Dans le cadre de la Loi d'Orientation des Mobilités (LOM), il est envisagé de donner la possibilité aux présidents de Conseil Départemental, aux maires ou présidents d'intercommunalités, de déroger au 80 km/h et remonter la limitation de vitesse à 90 km/h.
Les routes bidirectionnelles sont les plus dangereuses
Les routes bidirectionnelles hors agglomération, sur lesquelles a été abaissée la limitation de vitesse au 1er juillet 2018, sont des routes qui enregistrent une grande partie des accidents graves. Elles concentrent 55% de la mortalité routière. Elles ne sont pas équipées des éléments de sécurité propres aux autoroutes ou aux 2x2 voies (séparation des deux sens de circulation, bande d'arrêt d'urgence, carrefours dénivelés ...) permettant à un trafic de transit de pratiquer des vitesses élevées.
Le comité des experts lors de son mandat précédent a recommandé l'abaissement de la limitation de vitesse à 80 km/h sur l'ensemble des routes bidirectionnelles dans son rapport Recommandations pour diviser par 2 le nombre de décès ou de personnes blessées d’ici 2020.
En effet, les routes qui voient le plus d'accidents graves ne sont pas celles qui sont les plus dangereuses : lorsque le conducteur circule sur une petite route de montagne avec des virages, il ralentit, et sera beaucoup moins susceptible d'avoir un accident grave. Au contraire, lorsqu'il est sur une route bien dégagée, confortable, il va accélérer ; le nombre de véhicules empruntant ces routes est pour sa part très important. Aussi il est beaucoup plus probable que les accidents graves se produisent sur ces "belles routes". L'étude de l'accidentalité du réseau bidirectionnel dans les 100 départements de France a confirmé que dans chaque département, les routes principales représentent une part plus importante des morts hors agglomération que leur part de linéaire. En moyenne, lorsque le réseau principal représente 10% des routes bidirectionnelles d'un département, il concentre 38% des morts ; lorsque le réseau principal représente 20% des routes bidirectionnelles d'un département, il concentre 55% des morts.
Consultez la part des morts sur les routes principales de votre département.
Avec un tel constat, quelles routes remettre à 90 km/h ?

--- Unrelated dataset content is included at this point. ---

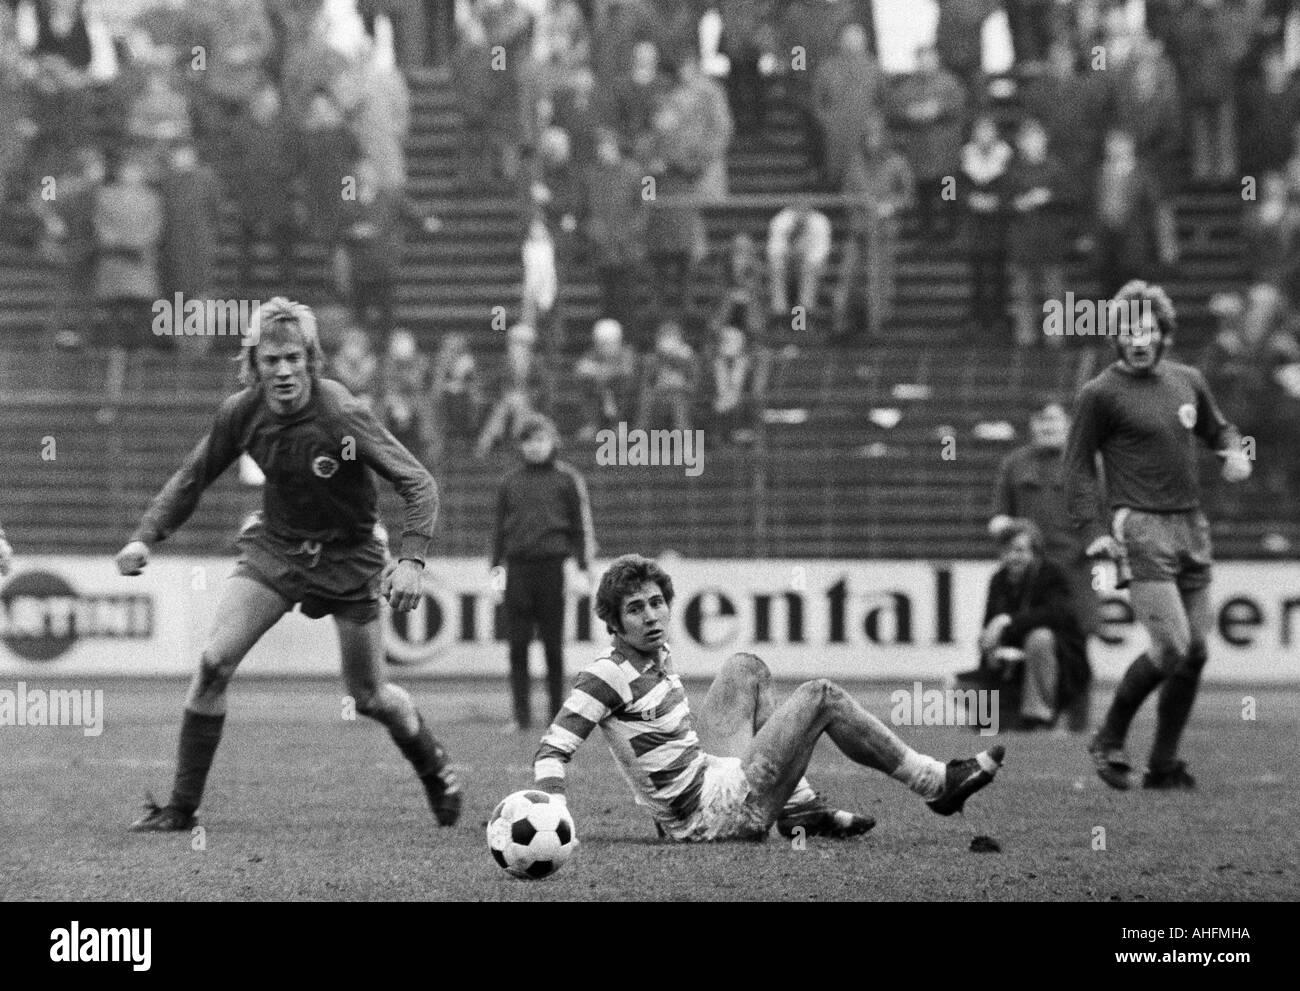 football, Bundesliga, 1971/1972, Wedau Stadium in Duisburg, MSV Duisburg versus Rot-Weiss Oberhausen 0:0, scene of the match, f.l.t.r. Jupp Tenhagen (RWO), Detlef Pirsig (MSV), Willi Mumme (RWO) - Stock Image

Une fois la LOM promulguée, avant de prendre l'arrêté dérogeant à la limitation de vitesse à 80 km/h, les autorités de police de la circulation vont présenter leur projet en Commission départementale de sécurité routière (CDSR). Les CDSR, présidées par le Préfet, comportent des représentants de l'Etat, des collectivités locales, et des associations d'usagers. D'après les articles R. 411-10 à R. 411-12 du code de la route, elles doivent notamment veiller à « l’harmonisation des limitations de vitesse des véhicules sur les voies ouvertes à la circulation publique ».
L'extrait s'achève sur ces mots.